This article won't even attempt to solve the problems involved, I can't do it for you or I would be the influencer and it would no longer be your decision, which is the whole point, really, isn't it? What I am doing is expressing the confusion that this problem generates within me.
I try to be open to all new ideas. I speak dogmatically, but think openly and am constantly questioning myself, usually thinking that I must have been wrong. I have studied philosophy, both academically and otherwise for many years and it is essential to excercise a rigour of thought while still allowing flexibility as I am sure that most of you will already know. I have finally reached a stumbling block; if I am to set a rigid, defining cutoff then I will be closed to a potentially useful, or potentially right idea. One is always taught to search for an absolute, but all absolutes are ethereal. At what point do you close off an idea? There are so many uncertainties in this world (and most of the certainties are based on the uncertainties) that there is no way to know which to accept. Does one go with the most convincing? the one with the most circumstantial evidence? the one which contains the most of what one already believes?

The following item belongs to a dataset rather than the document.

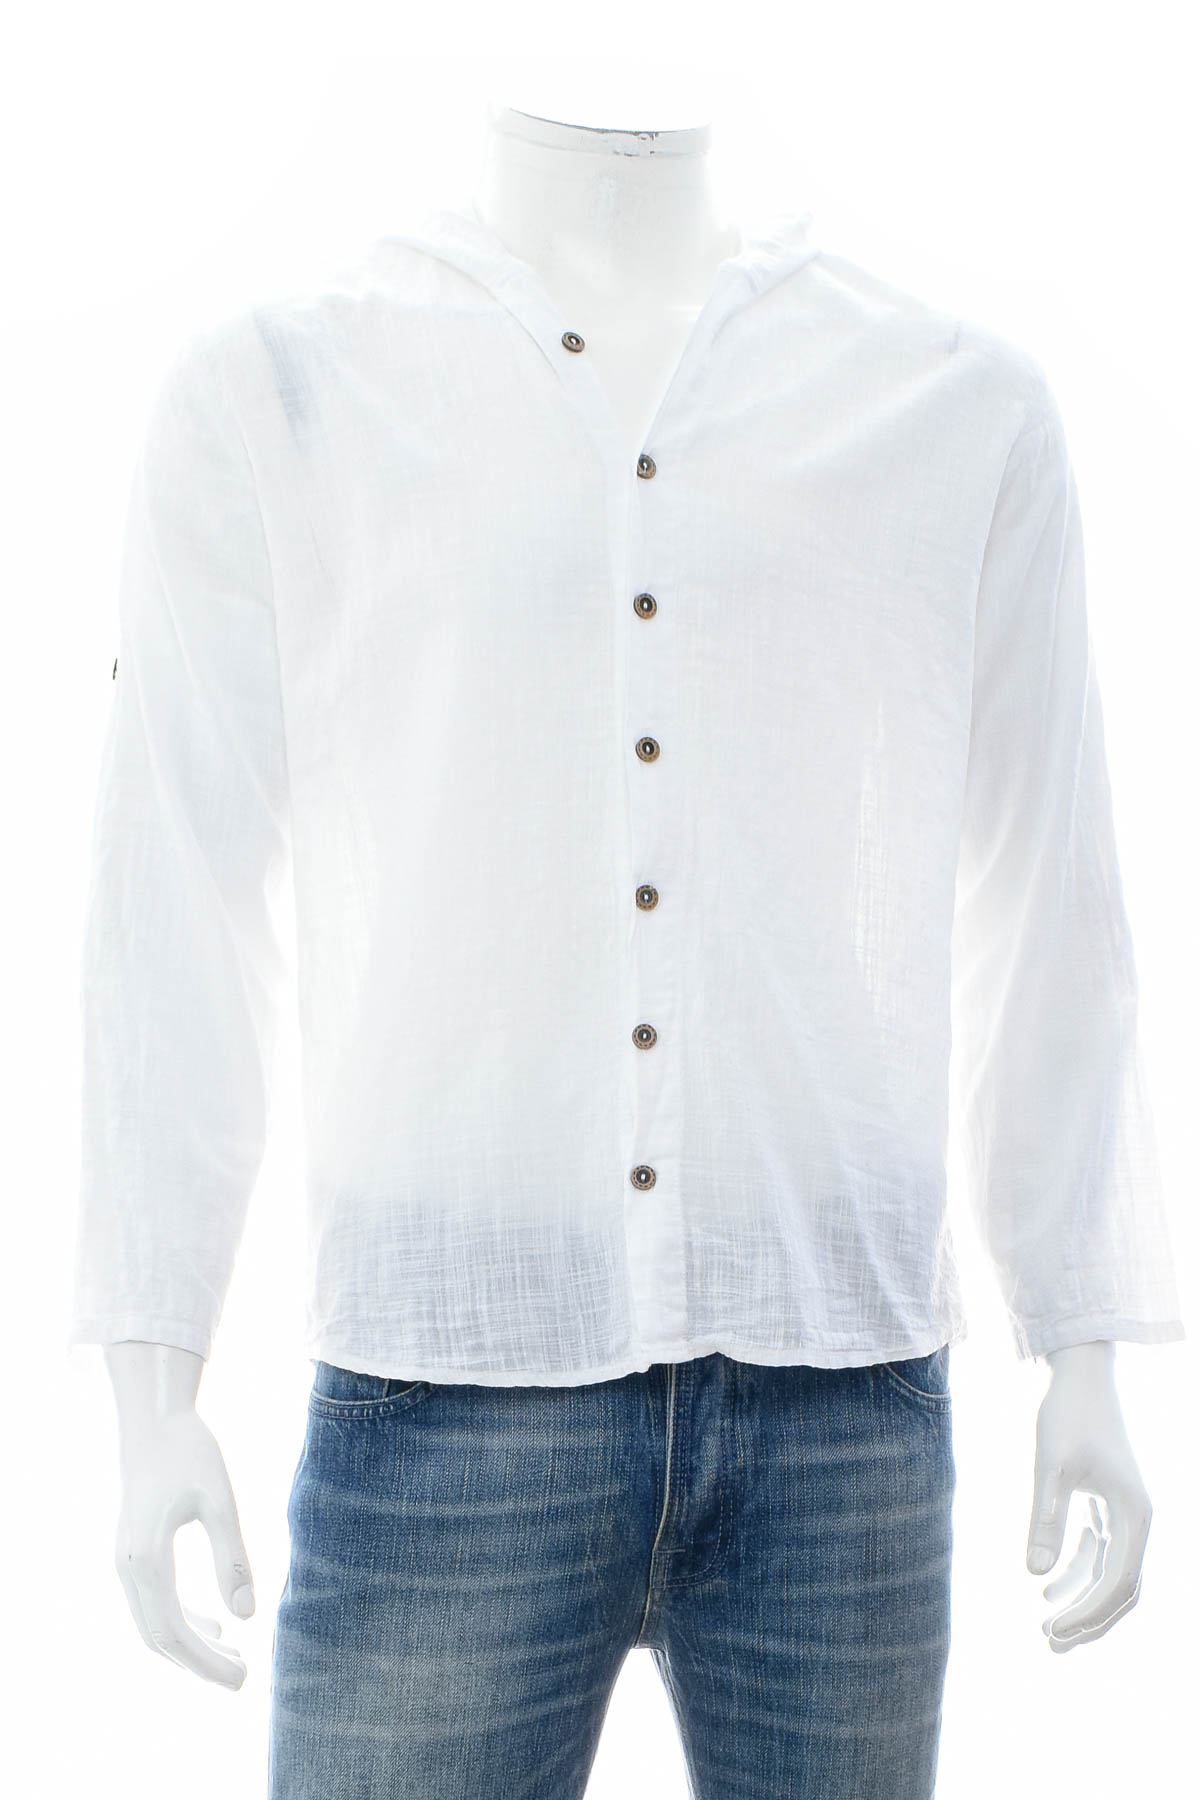 Men's shirt - ATB-D Collection - 0

All seem to boil down to a question though: Why?
The damn why, which is to be the bane of all thinking people's existence. Why do two opposite fields repel? Well why does that happen? Well, what causes that? Cause and effect are the twin bases for most of modern science, but the cause is getting hazy, and the effects harder to find. How about a less definite study, say morality. It may not even exist, but it is so ingrained that one can do little about it. Right and wrong are here to stay. The hell of the final hurdle seems further with each passing moment, not closer.
When God died he left a gaping void (literal as well as metaphorical meaning intended) into which pours the intellectual curiosity of the masses. Some can focus, and some cannot. It is those who cannot who live with the confusion. If one wants to know everything then one must learn everything, from top to bottom. I think you see the problem. Where is the top? how deep is the bottom? and, shitting hell, what if we find it?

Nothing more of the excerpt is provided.